Oliver Stone’s film is a good example of an agglutination of symbols and references, unattached to any cohesive plot or goal regarding Alexander. This film tried to glean legitimacy from historic detail, astound audiences with glamour and sex, and make a modern social commentary at the same time. This compromise crippled its success in any category. If its goal in translating Alexander into film had been to communicate his allure, for example, it could have taken the most seductive selections from Curtius. If it meant to make a modern social commentary, it should not have addressed the issue of homosexuality so skittishly, having Alexander express his love to Hephaestion and then staging the fully nude wrestling match between Alexander and Roxanne.
Here we see two filmic accounts of Alexander, both trying to legitimately append the texts of Arrian and Curtius. Wood does so in acquiring the story as his own and establishing himself as both an expert and admirer of Alexander. Though his quest is at times ridiculous and the symbolic undertones of self-proclaimed Alexanderhood less than academically respectable, his film acknowledges these shortcomings within itself, defines its objective audience as popular, and is thus a successful and coherent production. This clip is a good example of one of the film's less academic moments:
Stone, on the other hand, attempts to cinematically reproduce the Alexander narrative. As flawed as the film turned out, a few scenes did faithfully and richly reenact both the facts and aesthetic of Alexander’s life. Where the Hollywood-influenced appendage chopping can be separated from the carefully researched alignment of troops, the viewer is allowed to visualize the historical Gaugamela in new and potentially profound way.
In both cases, the clumsiest aspect from both a historical and entertainment perspective was the appropriation of modern political issues into the Alexander discourse. Wood was easier to swallow because within the movie he explained the process of cultures appropriating Alexander as a symbol. This justified his own appropriation of Alexander’s qualitative statements about conflict zones, politics, and geography. Stone’s film is more disappointing. The film trivialized its commitment to detail and entertainment in order to awkwardly broach the subjects of homosexuality and world domination in modern terms.

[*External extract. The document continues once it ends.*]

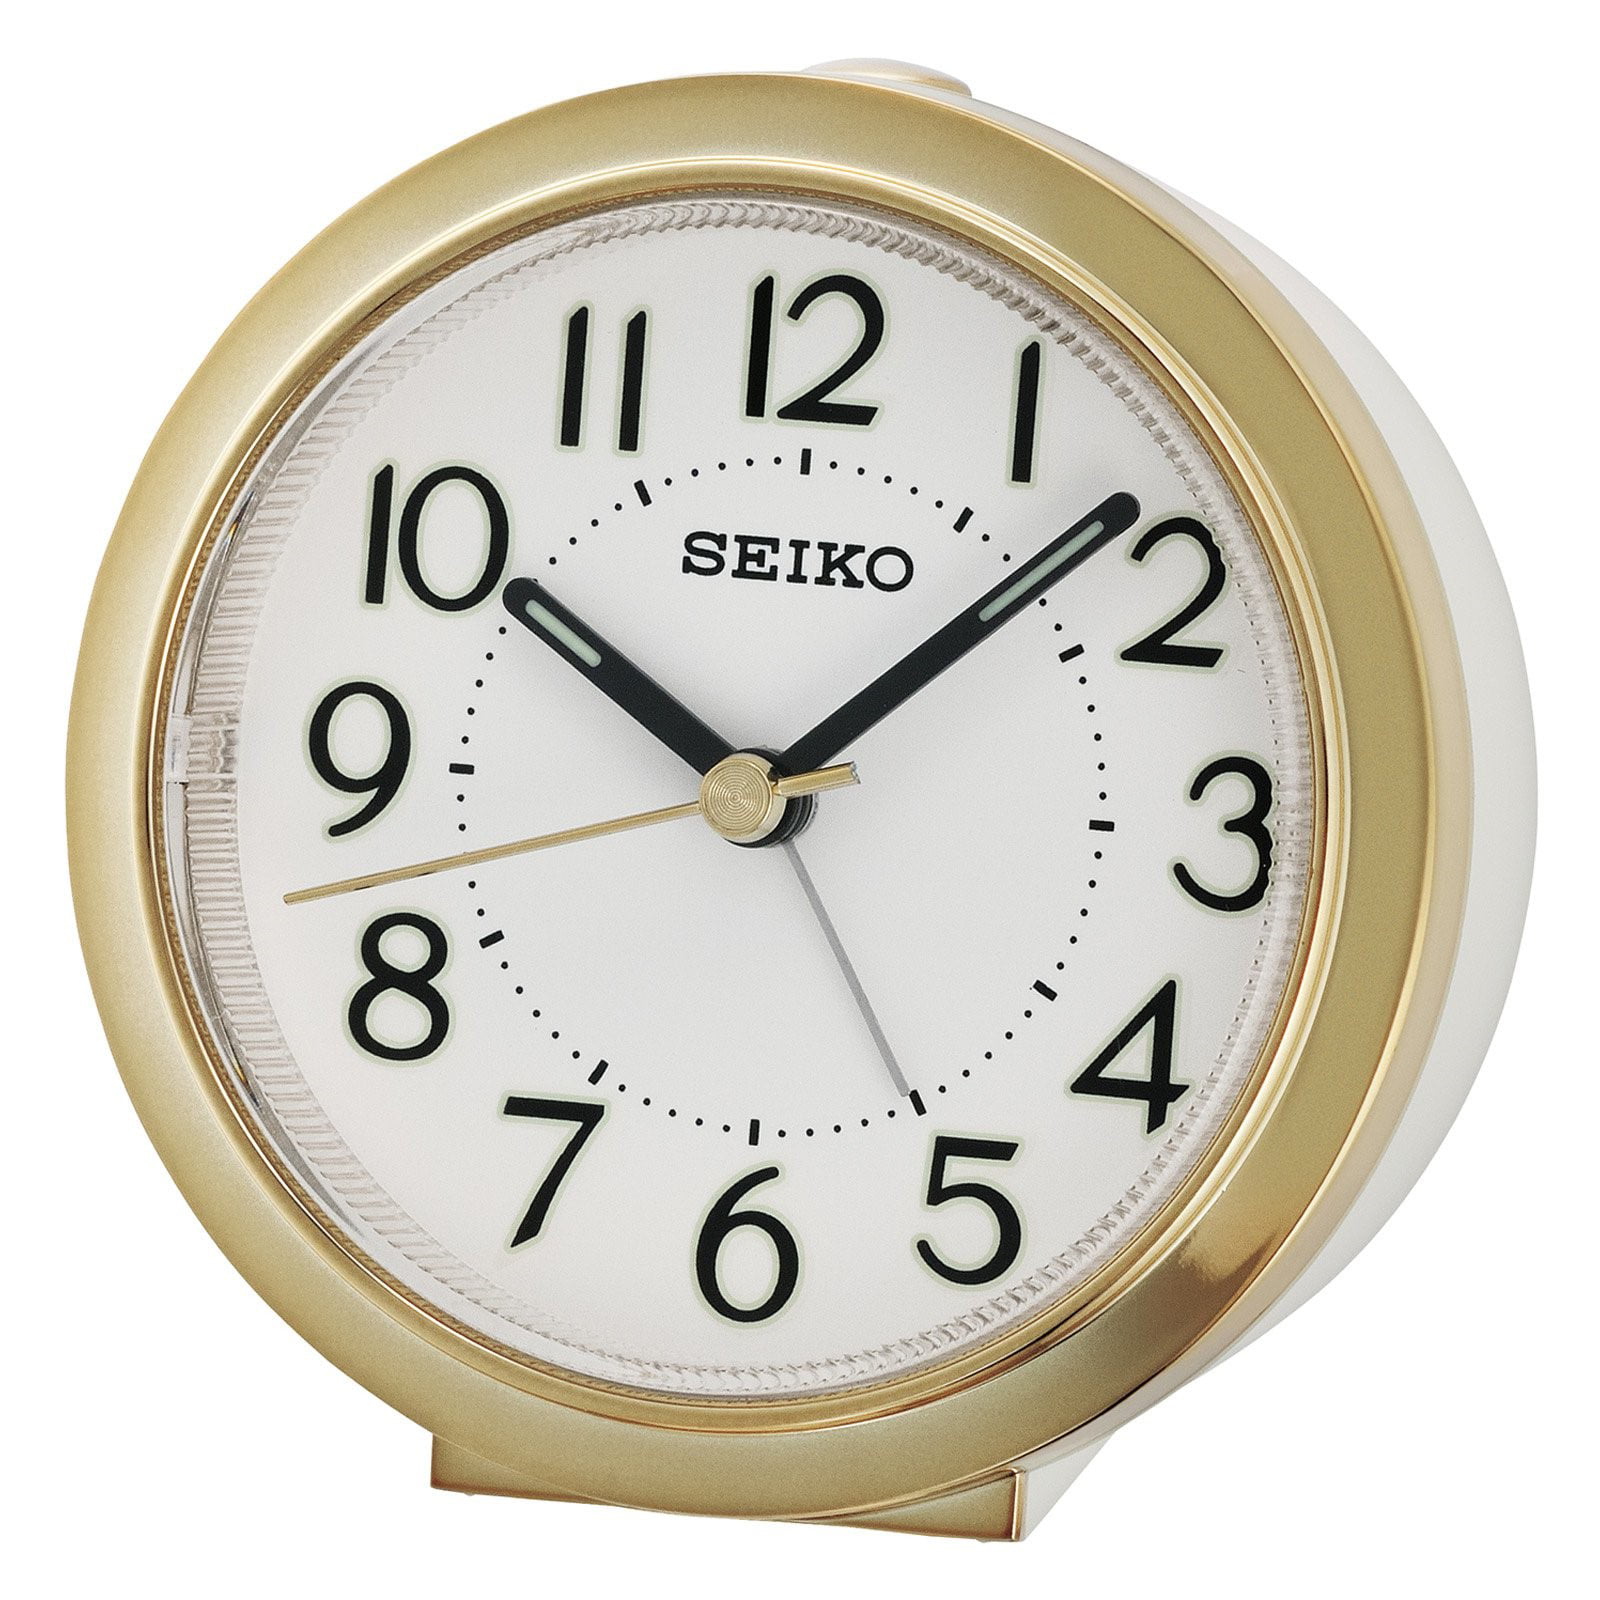 Seiko White Alarm Clock Large Numerals Silver Trim Snooze Function Silent Gift 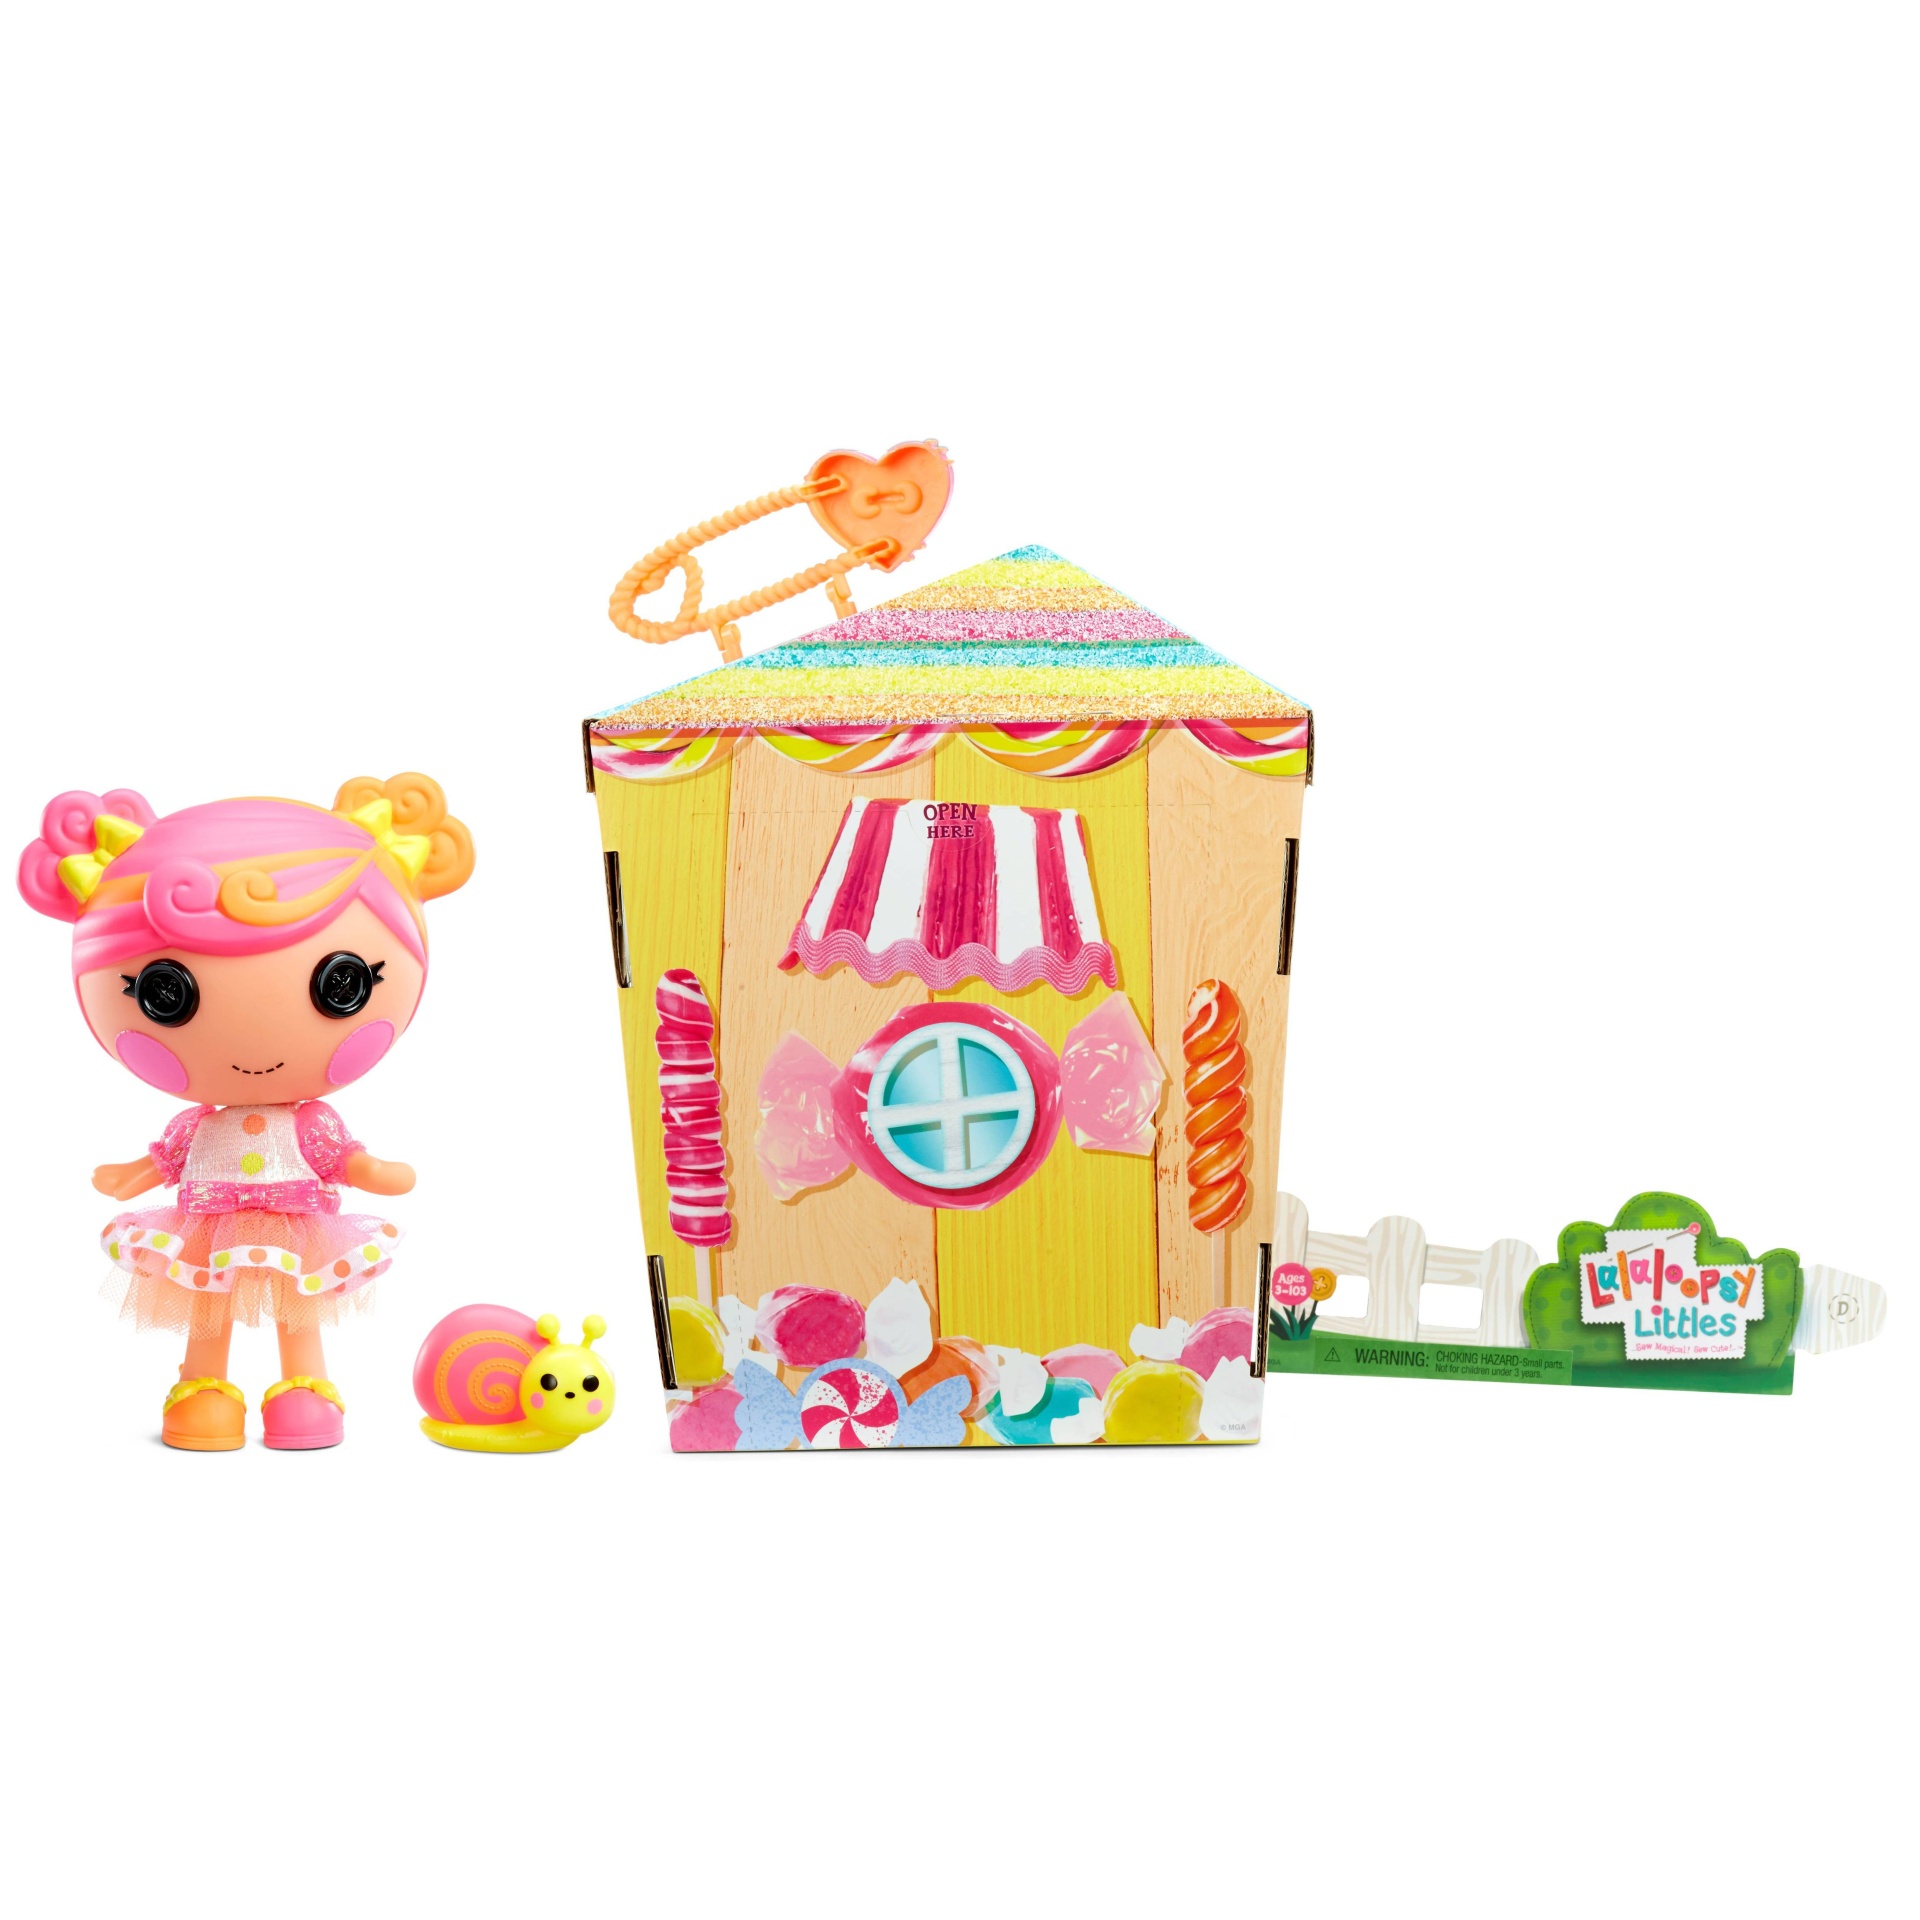 Lalaloopsy Lolly Candy Ribbon Littles Doll 1 ct | Shipt

These films are flawed representations of history, but they also communicate the Alexander narrative in a way that has not been previously possible. As an interrogation of the spaces that Alexander directly influenced, Wood’s film captures a history and aesthetic with a visual power that is impossible to represent in a written text. Oliver Stone’s film corrupts the story, but it creates a colorful and inspiring atmosphere. The glowing signifiers of the filmic language hold unique potential for the representation of history.